__THE TASK__
Would you copy only the lines below, from the one containing "Weihenstephaner Dimpled Beer" through the very last one, leaving the pictures out?

__PROVIDED DATA__
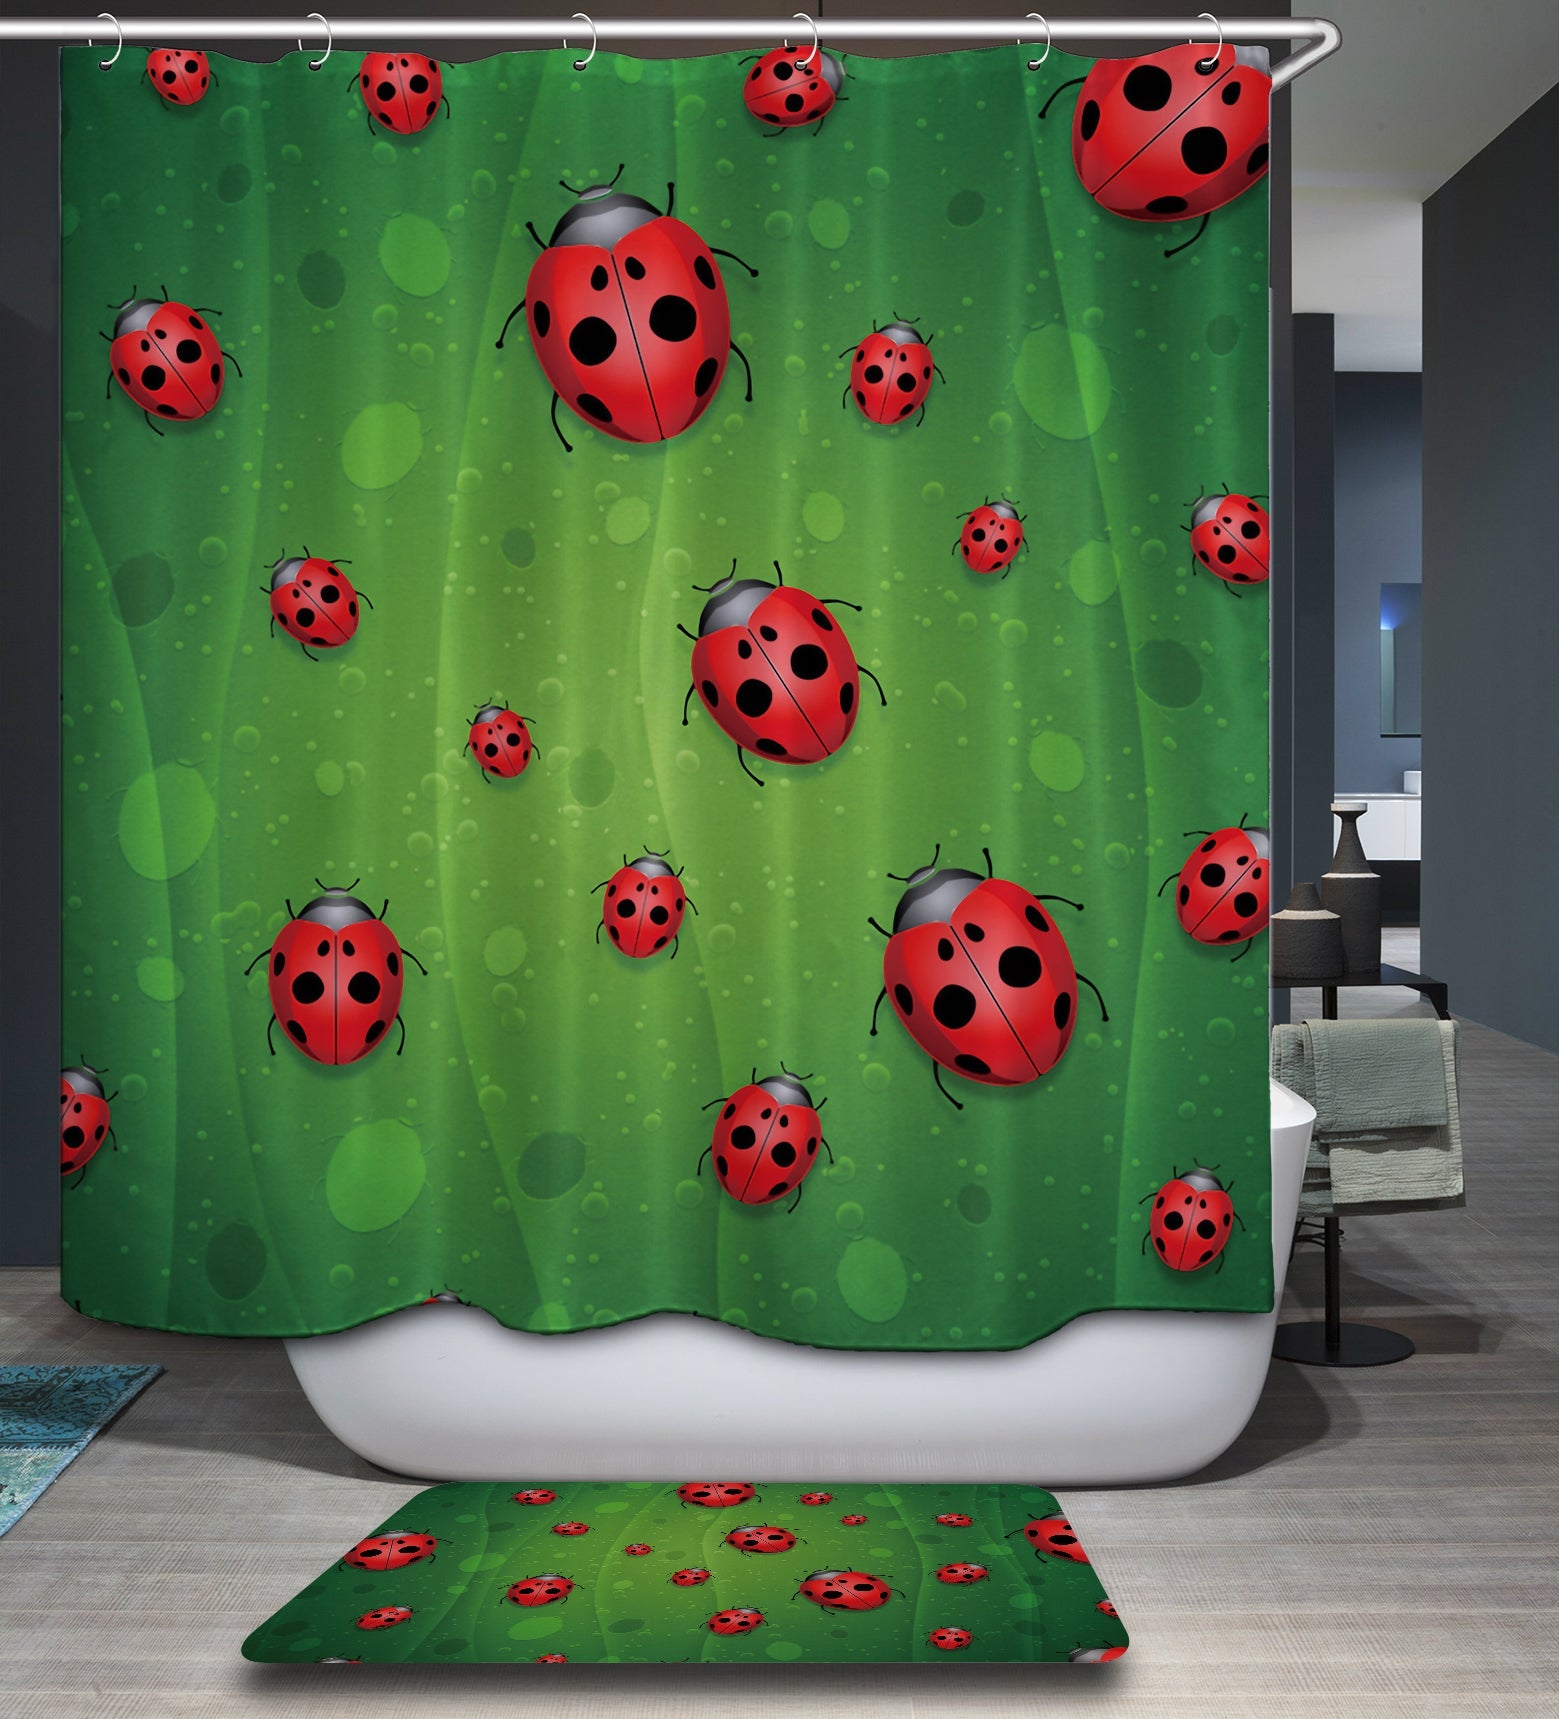 Green Leaf Vein Ladybug Shower Curtain Bathroom Decor
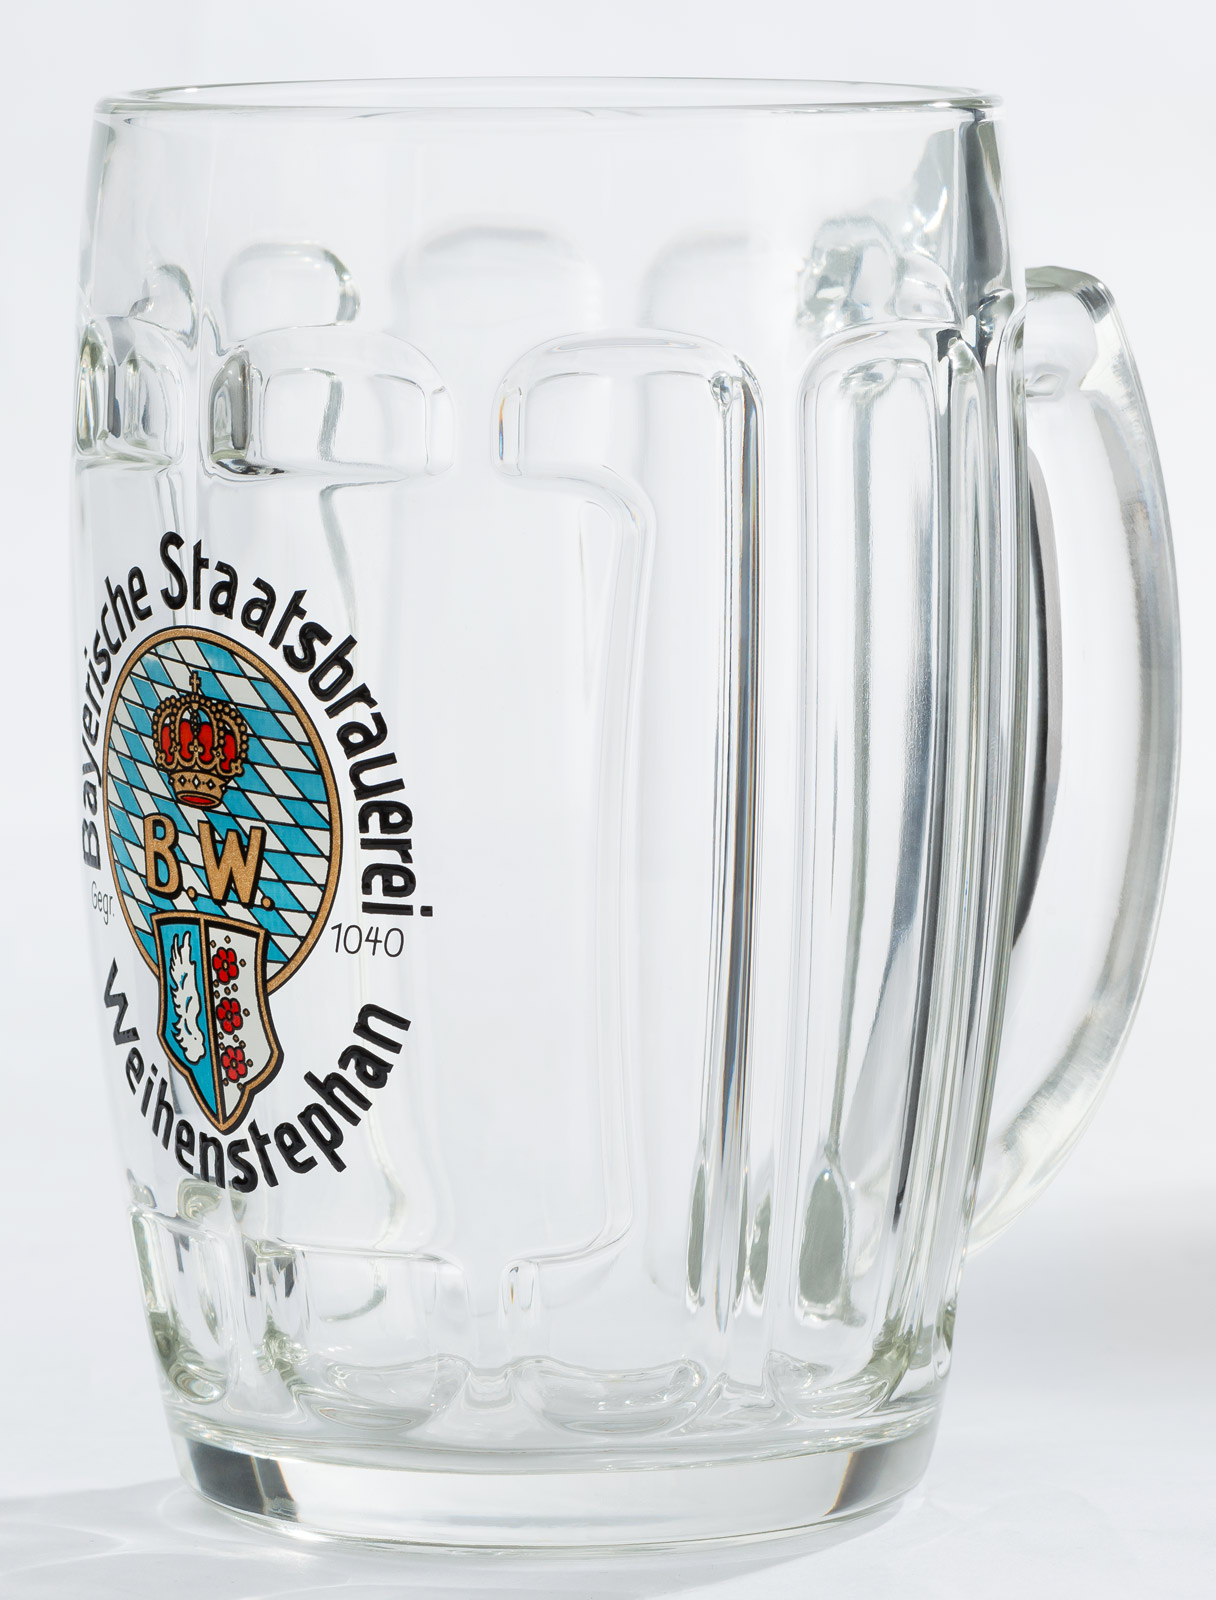 Weihenstephaner Dimpled Beer Glass 1 Liter Stein Maßkrug BNWOB MAN CAVE GERMANY 
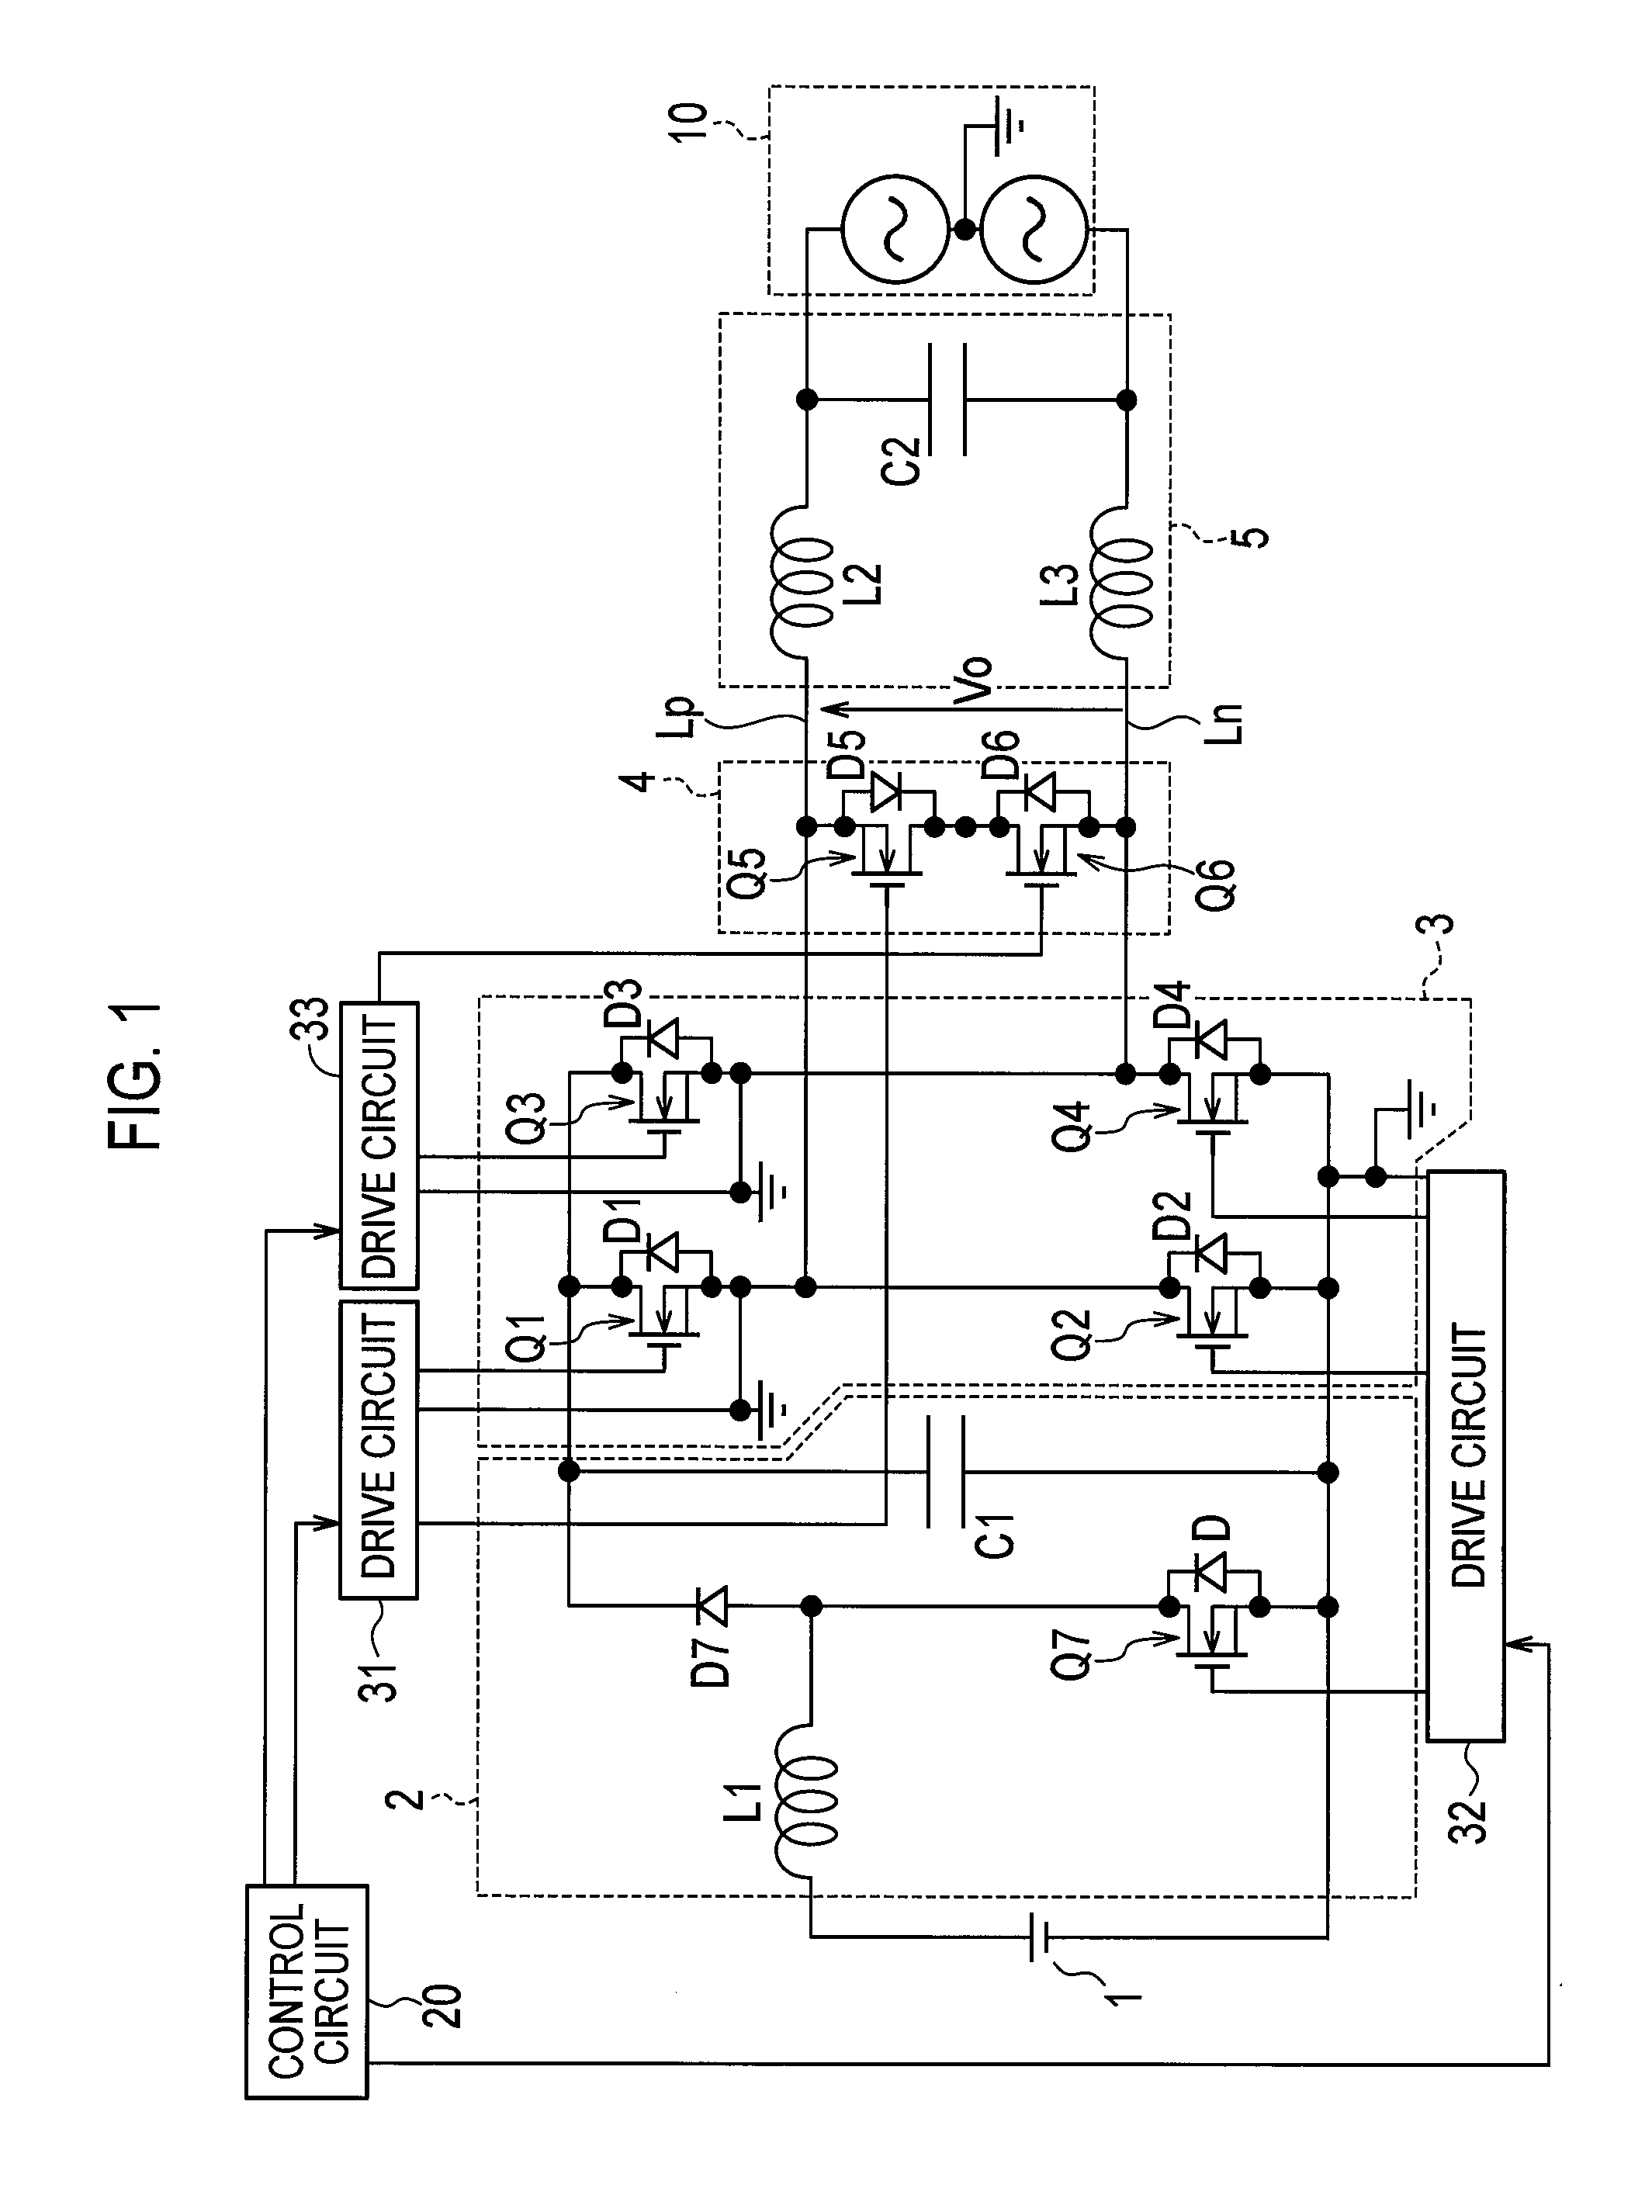 Power converting apparatus, grid interconnection apparatus and grid interconnection system
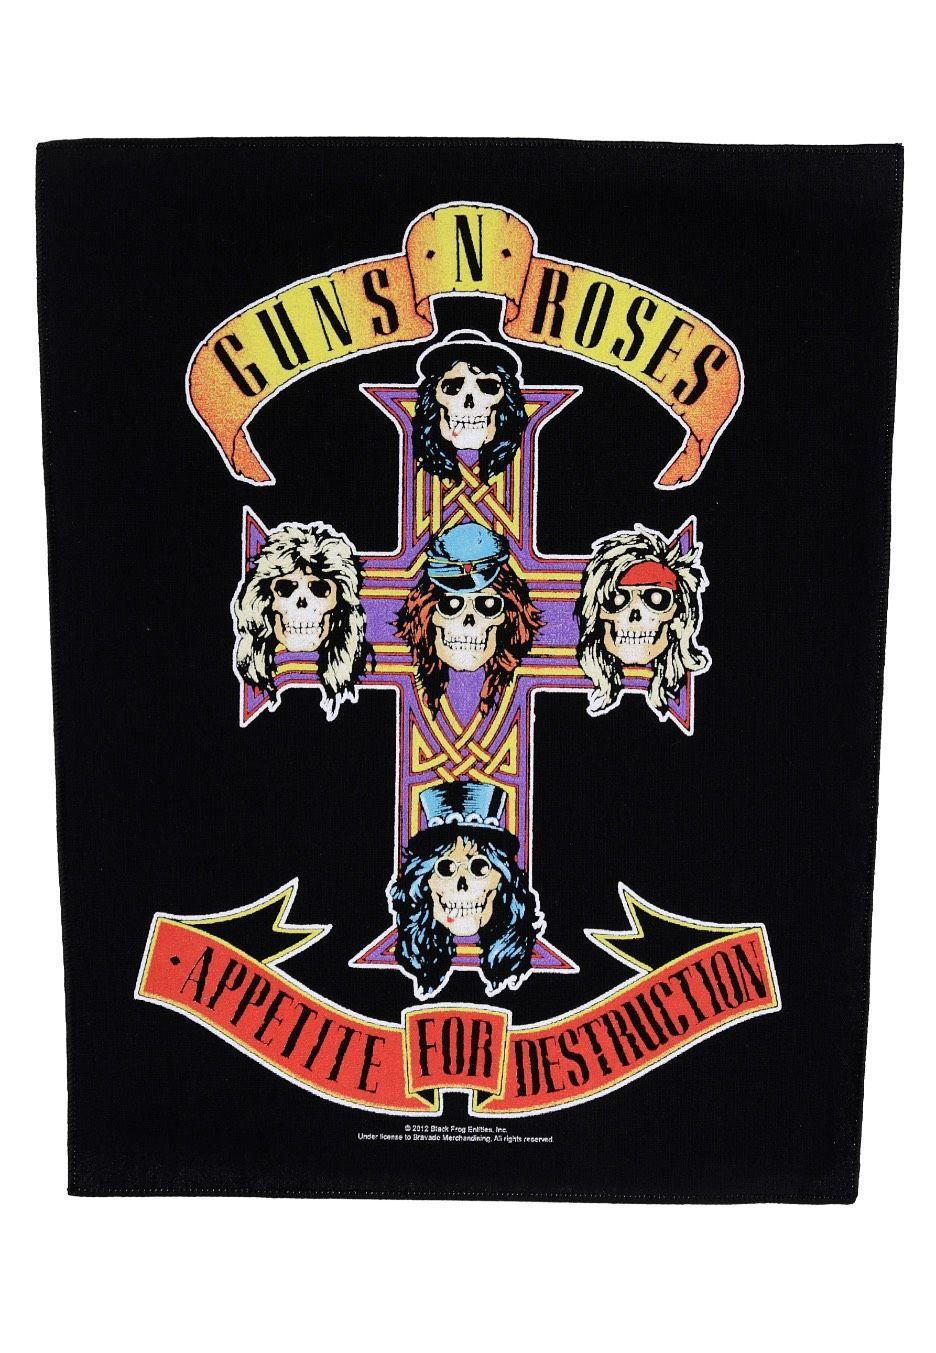 Guns and Roses Appetite for Destruction Logo - Guns N' Roses - Appetite For Destruction - Backpatch - Official Hard ...

__COMPLETED EXERCISE__
 Weihenstephaner Dimpled Beer Glass 1 Liter Stein Maßkrug BNWOB MAN CAVE GERMANY 
 Power converting apparatus, grid interconnection apparatus and grid interconnection system
 Guns and Roses Appetite for Destruction Logo - Guns N' Roses - Appetite For Destruction - Backpatch - Official Hard ...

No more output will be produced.